Vice-presidente da Câmara Municipal do Porto

Entre os investimentos prioritários para 2026 consta igualmente a rubrica do urbanismo, com destaque para a valorização do ambiente urbano e qualificação do espaço público, com 30,4 milhões de euros.

As áreas da educação e da cultura têm uma dotação de 29,3 milhões de euros, cada. Este orçamento destina ainda 29,1 milhões de euros para a coesão social e a saúde, 18,6 milhões de euros para as áreas de desporto, juventude e associativismo, e 7,3 milhões de euros para o domínio da economia, empreendedorismo, turismo e internacionalização.

A autarquia antecipa uma receita corrente de 357,6 milhões de euros para 2026, “valor que suporta a despesa corrente de 342,7 milhões de euros”. Estima uma receita de capital na ordem dos 27,2 milhões de euros para uma despesa de capital de 133,1 milhões de euros.

“Com rigor na gestão e coragem na ação, colocamos o Porto na linha da frente das decisões, garantindo que cada passo dado fortalece a cidade, mobiliza a região e traduz a ambição coletiva em resultados concretos”, conclui Pedro Duarte no mesmo documento.
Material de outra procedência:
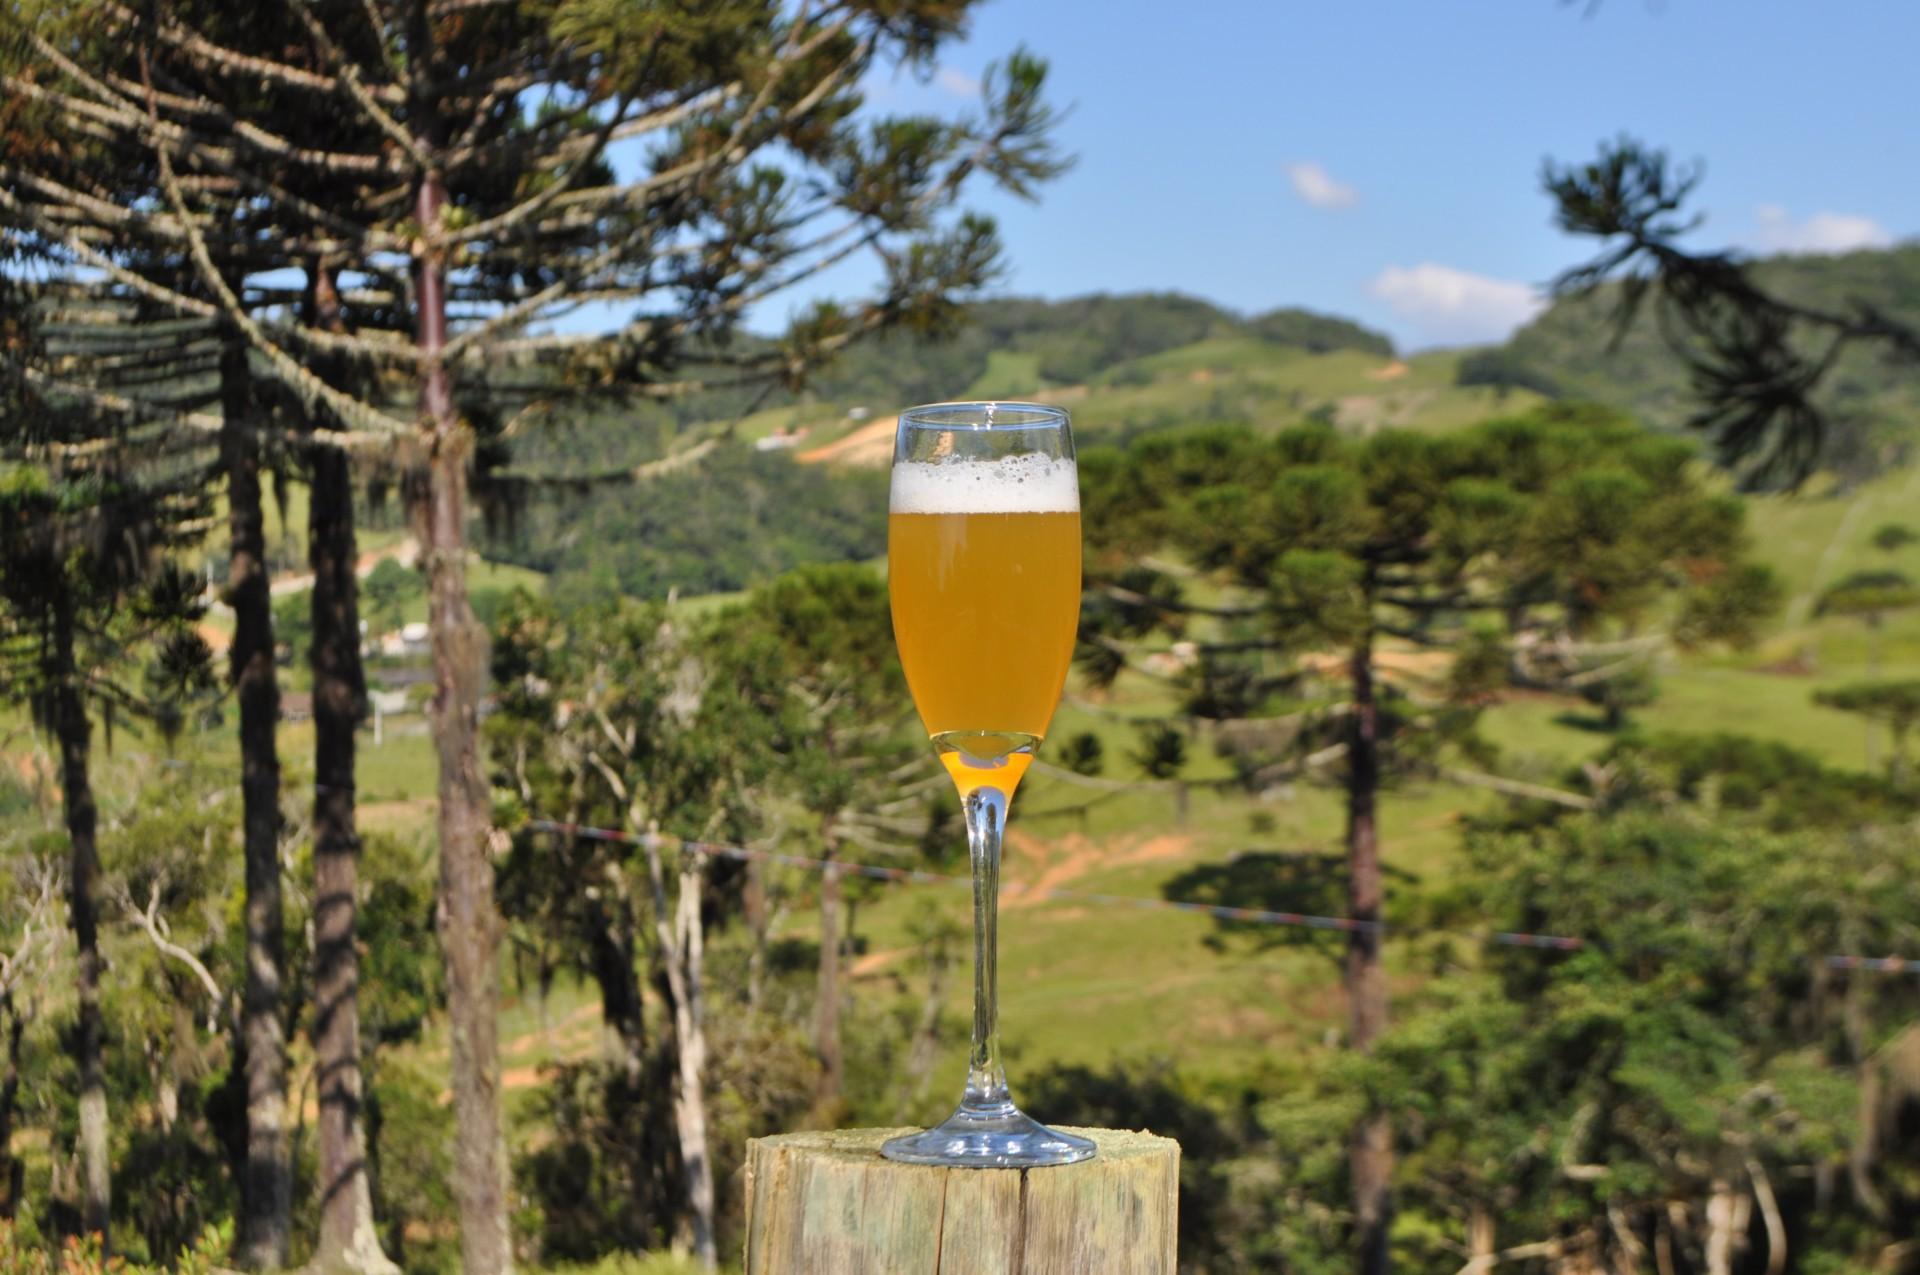 Cervejas de fazenda, inspiradas em receitas tradicionais belgas  (Foto: divulgação)

Pedro Duarte foi eleito a 12 de outubro como presidente da Câmara do Porto. Apesar de a coligação que encabeçou não ter alcançado a maioria, o social-democrata chegou a um entendimento com um dos vereadores eleitos pelo PS. Com Jorge Sobrado, a quem entregou o pelouro da Cultura, passou a somar sete mandatos, mais de metade dos 13 lugares que compõem a vereação do município.
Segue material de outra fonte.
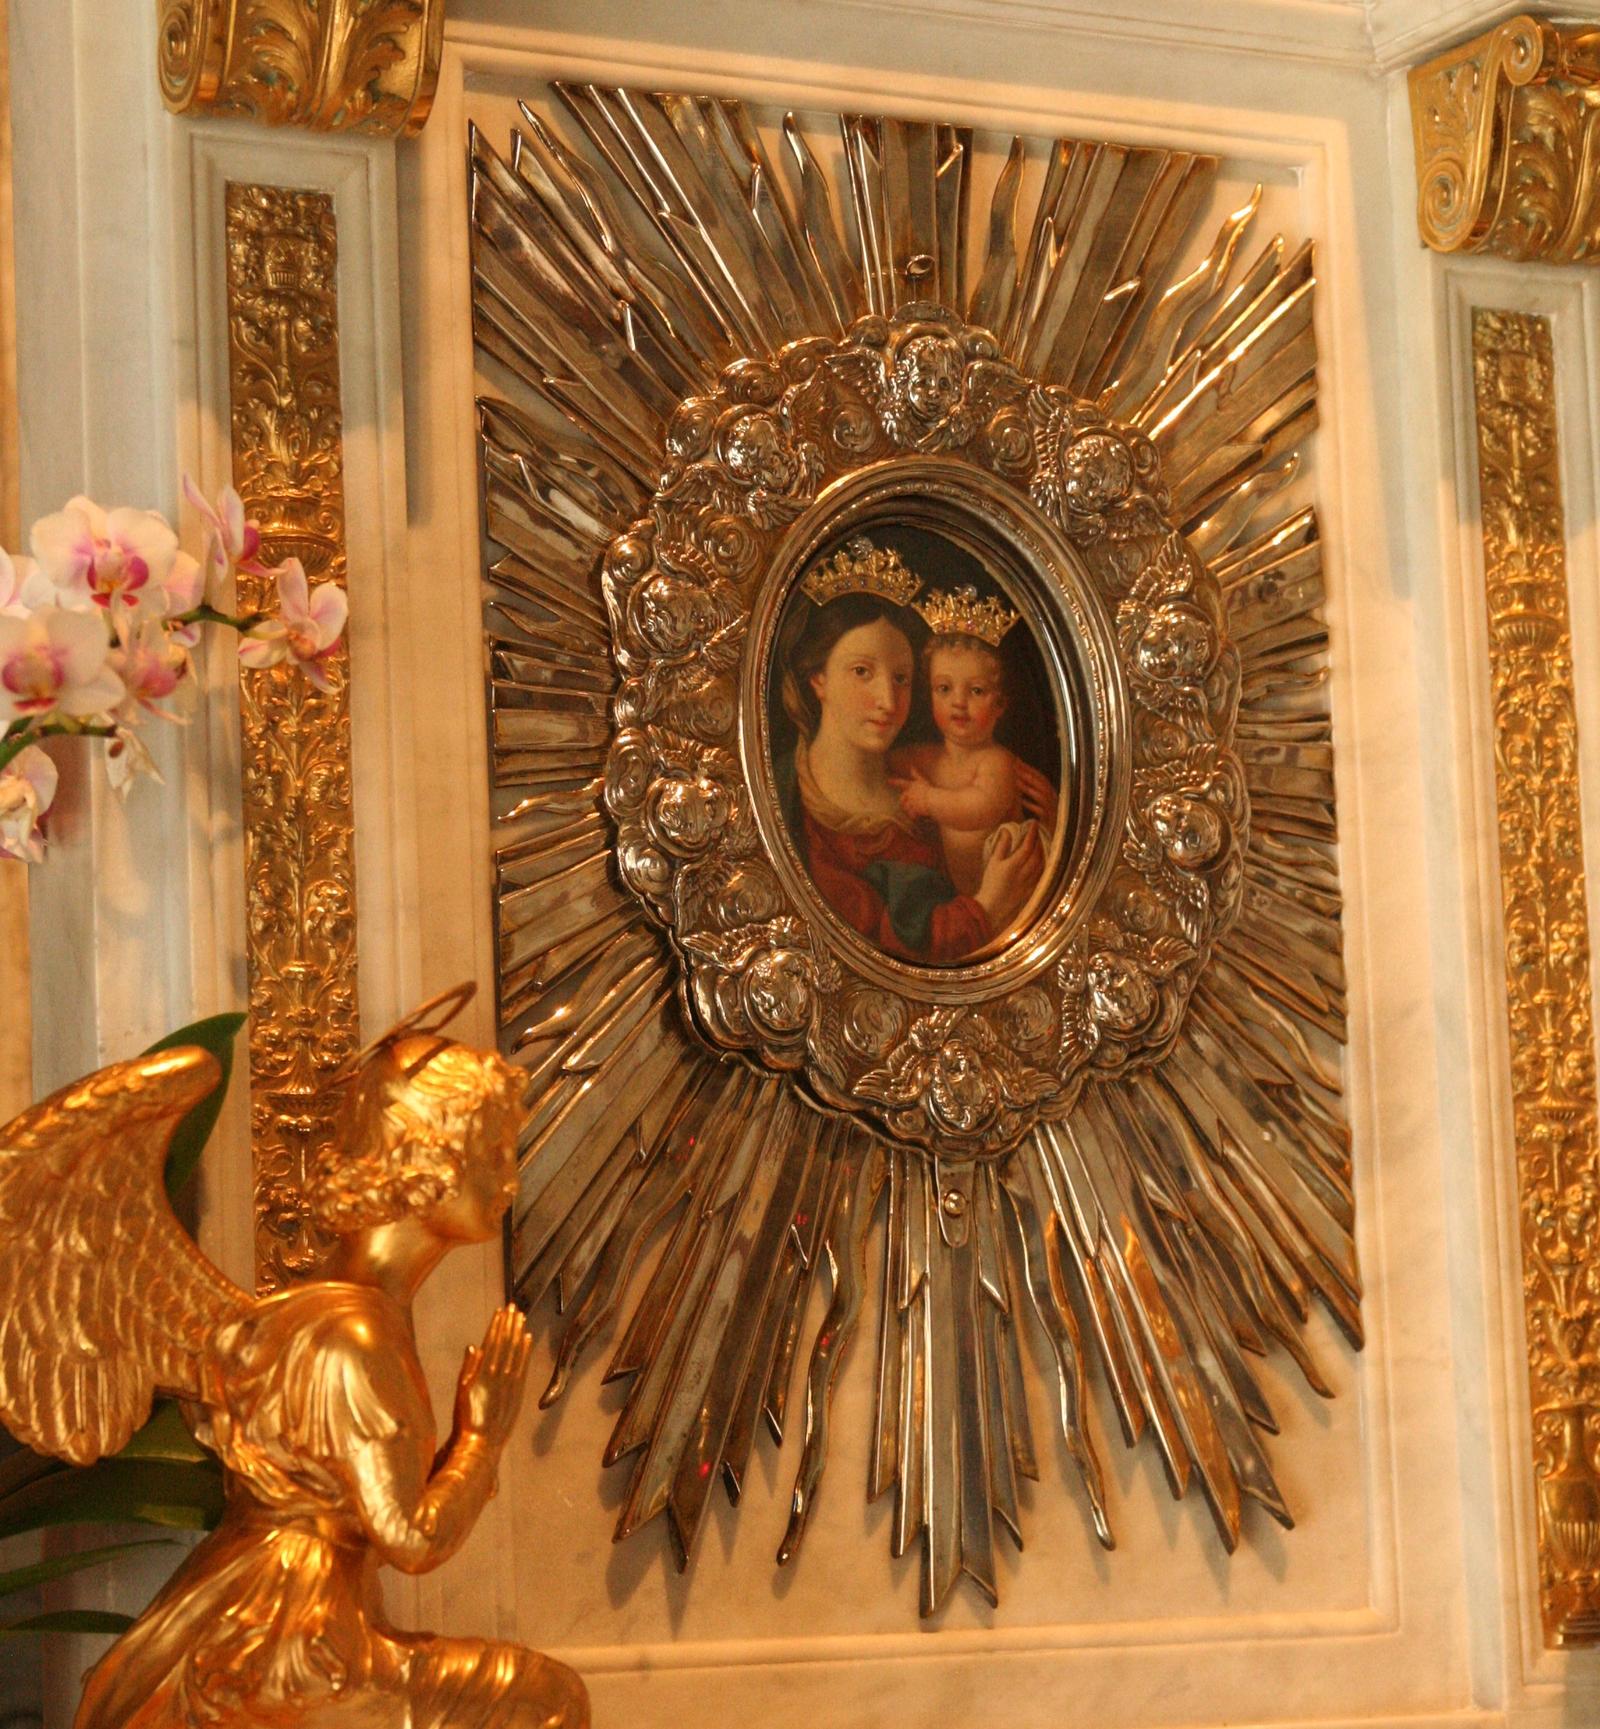 Gracias de la Virgen a quienes Contemplen la Imagen: Nuestra Señora de la Confianza, Italia (24 de febrero)

Conheça os 10 números mais importantes do orçamento da câmara

  • 48,9 milhões de euros a aplicar na área da habitação.
  • 45,5 milhões de euros destinados ao ambiente e sustentabilidade.
  • 36,6 milhões de euros para a rubrica mobilidade e transportes.
  • 30,4 milhões de euros destinam-se à área do urbanismo, para valorização do ambiente urbano e qualificação do espaço público.
  • 29,3 milhões milhões de euros para a educação, dos quais 5,3 milhões de euros alocados a requalificação e remodelação de escolas.
  • 29,3 milhões de euros destinam-se à cultura e património: programação e continuação da “reabilitação de equipamentos emblemáticos, como a Biblioteca Pública Municipal e o antigo Matadouro, “consolidando o Porto como polo de criação artística multidisciplinar e referência cultural nacional”.
  • 29,1 milhões de euros para as áreas da coesão social e a saúde.
  • 18,6 milhões de euros para as áreas de desporto, juventude e associativismo. Deste bolo, uma fatia de 3,4 milhões de euros destina-se à construção do Campo Municipal de Campanhã.
  • 11,5 milhões de euros para a rubrica segurança, uma “prioridade máxima da ação pública”.
  • 7,3 milhões de euros para o domínio da economia, do empreendedorismo, do turismo e da internacionalização.